Les compagnies de CRS de Lyon et Marseille, dont la fermeture envisagée par le ministère de l'Intérieur avait suscité la fronde des policiers, resteront ouvertes.

Le ministre Brice Hortefeux a «décidé de ne supprimer aucune compagnie» de CRS.

Le ministre Brice Hortefeux a «décidé de ne supprimer aucune compagnie» de CRS.

Les compagnies de CRS de Lyon et Marseille resteront ouvertes, a-t-on appris lundi soir de sources syndicales et auprès du ministère.

Le ministre Brice Hortefeux a «décidé de ne supprimer aucune compagnie» de CRS, mais «de redéployer 280 postes de CRS vers des missions de sécurité publique sur le terrain», a-t-il indiqué à l'issue d'une réunion avec les syndicats.

Redéploiement choisi

Se félicitant que l'objectif d«'affecter de manière permanente près de 300 hommes sur le terrain sera tenu», le ministère relève que deux possibilités s'ouvraient à lui: «soit la suppression de deux compagnies, une à Lyon, une à Marseille, soit le redéploiement de l'équivalent de deux compagnies».

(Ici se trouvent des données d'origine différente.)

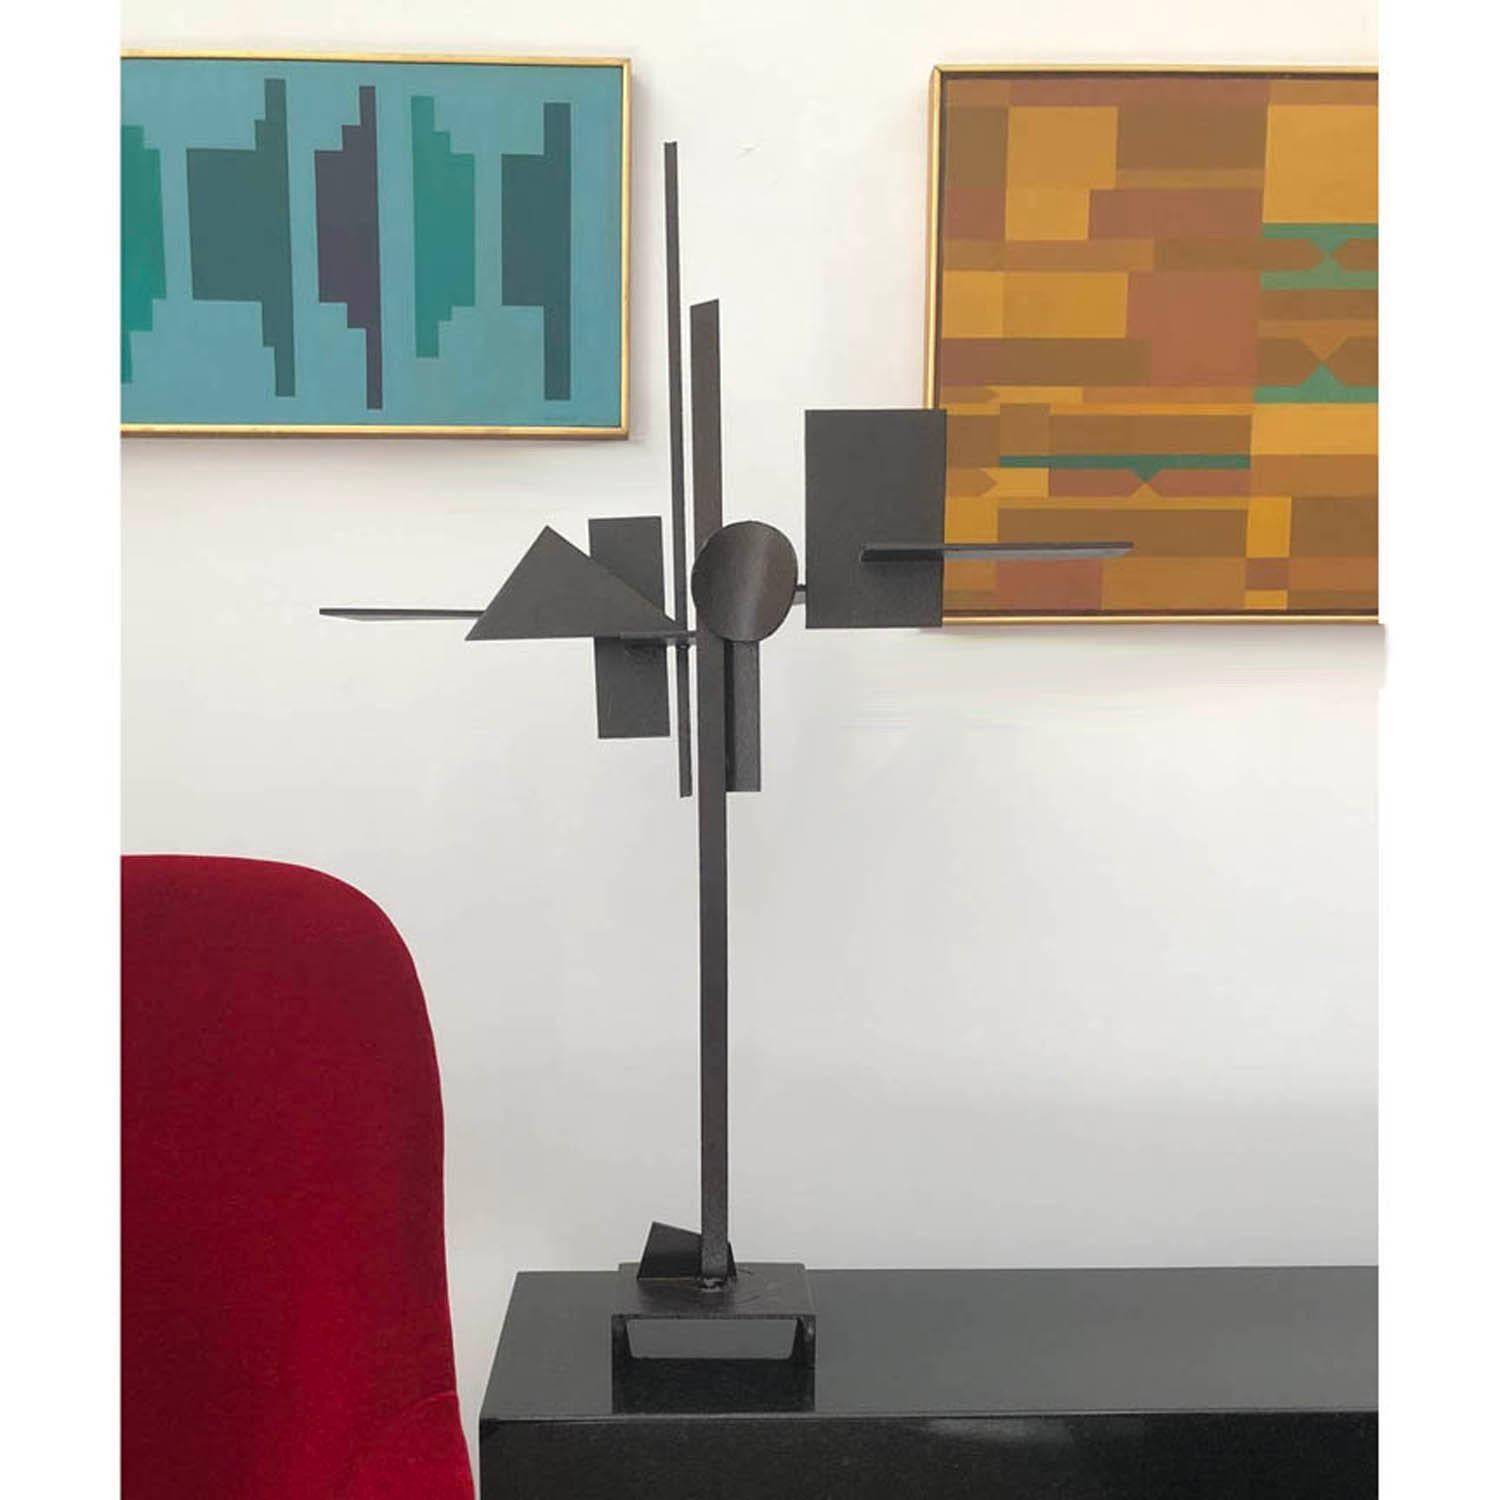 Welded steel sculpture by California artist Paul Kasper, American (1922- 9011)), circa 1970, this Fine Art sculpture makes a bold modern statement. Acquired directly from the artist's estate.

Complementary delivery in the Los Angeles / Beverly

C'est donc cette dernière solution qui a été choisie et les policiers réaffectés «seront prélevées sur les effectifs globaux de 12.000 CRS», a ajouté le ministre.

Dans l'après-midi, les syndicats avaient été reçus par le directeur général de la police nationale (DGPN), Frédéric Péchenard, qui leur avait confirmé que «des pistes de fermeture étaient envisagées» pour de Marseille et Lyon.

Le ministre «a été à l'écoute des syndicats», s'est félicité Nicolas Comte (SGP-FO, 1ère organisation des gardiens de la paix), tandis que Jean-Claude Delage, secrétaire général d'Alliance (2ème syndicat), a salué le fait que M. Hortefeux «a pris en compte le dialogue social et le terrain.»

Il «a pris la décision politique qui ne touche pas au potentiel opérationnel» des CRS, a ajouté M. Comte.

Le projet de fermeture avait suscité une grogne inédite dans les rangs des CRS, avec une multiplication des arrêts maladie, des actions symboliques et même un début de grève de la faim.

La semaine dernière, en marge des voeux d'un syndicat de police, Brice Hortefeux avait confirmé que «des études» étaient «en cours sur la fermeture» des compagnies de CRS de Marseille et Lyon.